Cloudflare inundates website with tracking pixels

I am seeing a problem where Cloudflare inundates my website with tracking pixels. How do I stop this?

My website makes calls of a certain URL format, which are used to communicate with my app. These calls do not need to reach the server so I am using Cloudflare to block them (firewall). That’s fine. However, every time a call is blocked, Cloudflare fills the webpage with tracking pixels. That’s not OK, obviously, as it makes my website look really spammy.

I made a simple test to show that this is caused by Cloudflare’s blocking calls:

  • I made a firewall rule blocking any request with /blocked_by_cloudflare/
  • I made a two versions of a very basic webpage, one that makes a call to the blocked URL (in an iframe) and one that doesn’t. They only differ in the one line.
<!DOCTYPE html>
<html>
<head>
      <meta name="viewport" content="width=device-width, initial-scale=1.0"/>
</head>
<body>
    <iframe style = "display:none" src = "{{domain}}/blocked_by_cloudflare/"></iframe>
    <div>
        hello there 
    </div>
</body>
</html>

The version without the blocked call makes no extra requests. The other one makes about 20 requests.

This is the format of some of them:

https://fastly.jsdelivr.net/gh/jimaek/[email protected]/r20.gif?r=21911862
https://vdms-ssl.cedexis-test.com/img/16999/r20-100KB.png?r=6985092
https://stackpath-map3.cedexis-test.com/img/r20.gif?r=92343292

I also tried calling just /blocked_by_cloudflare/ directly in my browser. That one also makes the requests for tracking pixels.

Screenshot from page making iframe blocked request:

Screenshot from direct browser request:

I know @michael replied to this earlier, but you deleted your post which trashed his reply as well.

I accidentally deleted the previous question. @michael answered, “That is Cedexis Radar, which you must have added to your website,” but that is not the case. This question includes the test showing that the tracking is only there when a call is made to the cloudflare-blocked URL.

Those requests are part of Cedexis Radar, a CDN measurement tool. I have not seen it in relation to Cloudflare previously. Can you share the URL and somebody will take a look?

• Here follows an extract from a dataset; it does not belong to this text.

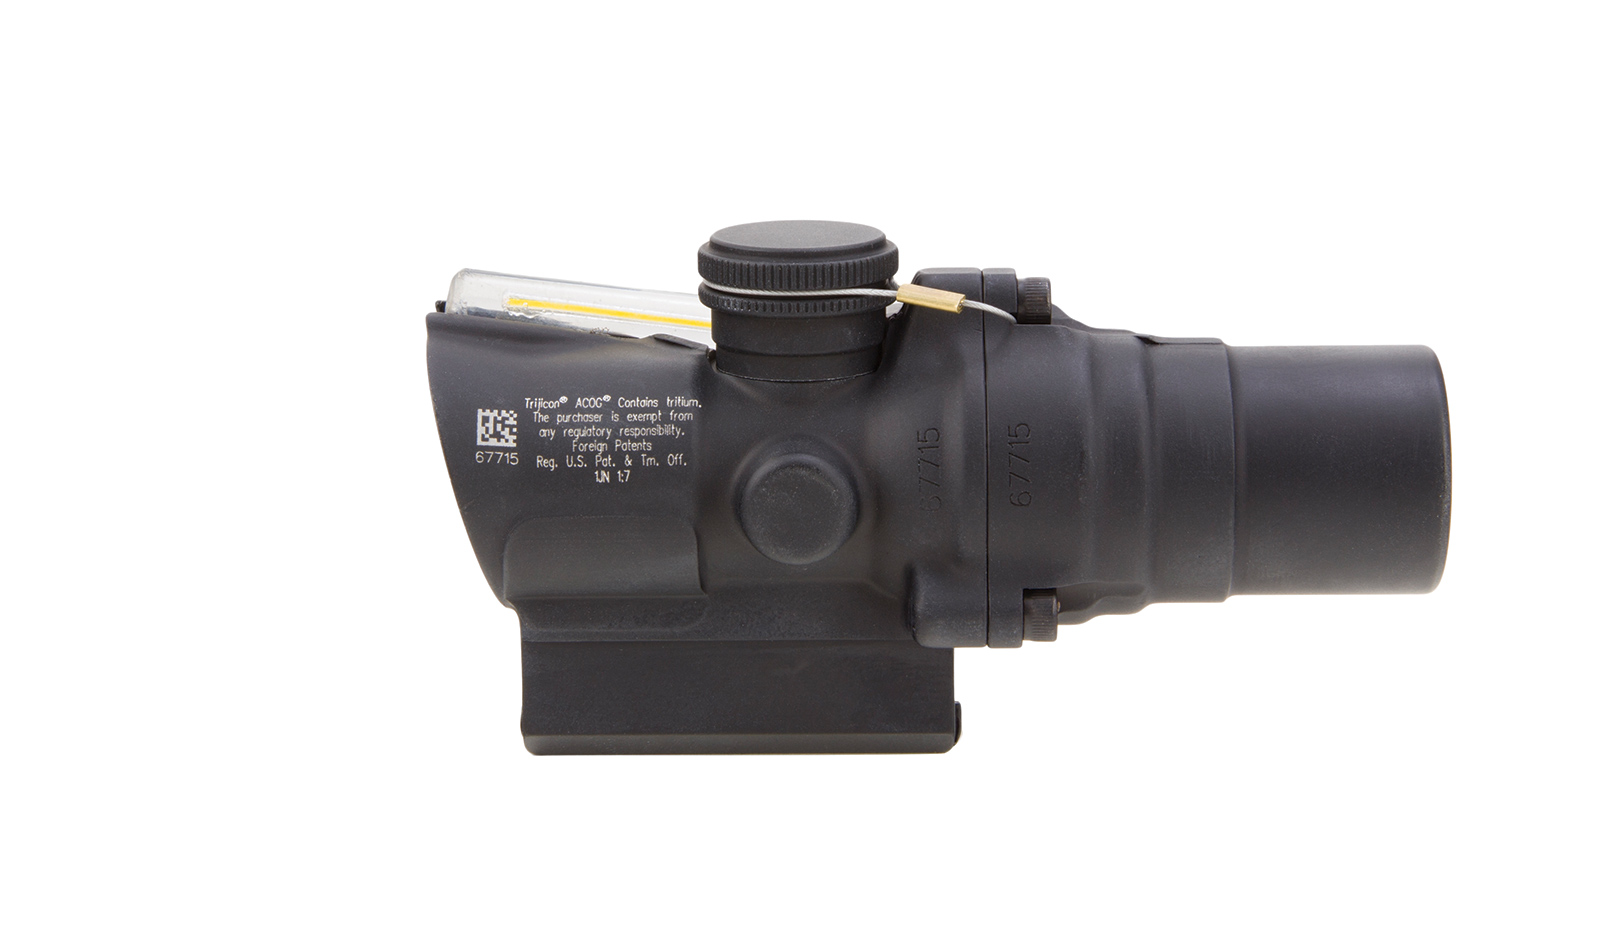 TA44-C-400138 angle 2

I just created a firewall rule to try and replicate, and the firewall error page is a nearly empty file of type text/plain, so any embedded JS will not execute, and the Radar tag is a JS tag.

Sent link in private chat. I also noticed that I get the tracking in Chrome and Edge, but not in Firefox. I disabled all extensions in Edge before trying.

I don’t see them because the tests do not fire in certain Browsers, and the 403 is different when requested by cURL!

You are correct, the error pages contain a customised version of Cedexis loaded by https://api.radar.cloudflare.com/beacon.js.

Are you seeing the images display in your app? While some are pixels, several are much larger, but none should be visible.

The images don’t appear on the page, but the requests show if someone looks in DevTools, and makes the site look spammy. The blocked calls are for communicating between the app webview and native code, but also get called on the regular website. There are other ways of communicating and I suppose I will need to switch, but it would be nice if a call to a blocked Cloudflare call didn’t result in all these extra calls.

A URL that returns a 204 response code would be very efficient. Just use a transform rule to strip all query parameters and set a long cache-control max-age.

I opened a ticket last night, and will update here when I get a response. As it’s the weekend it may be a few days. 2253299

2 Likes

We’re not adding tracking pixels. As part of the Internet measurement project detailed in this blog post (https://blog.cloudflare.com/benchmarking-edge-network-performance/) we are using those URLs to measure the performance of networks around the world to a variety of CDNs. We are doing that exclusively from Cloudflare error pages and using the performance information to optimize our network performance. Once again this is not for tracking.

6 Likes

Thanks for your response. It would be nice if there was a way for me to choose that my website shouldn’t include these extra URLs.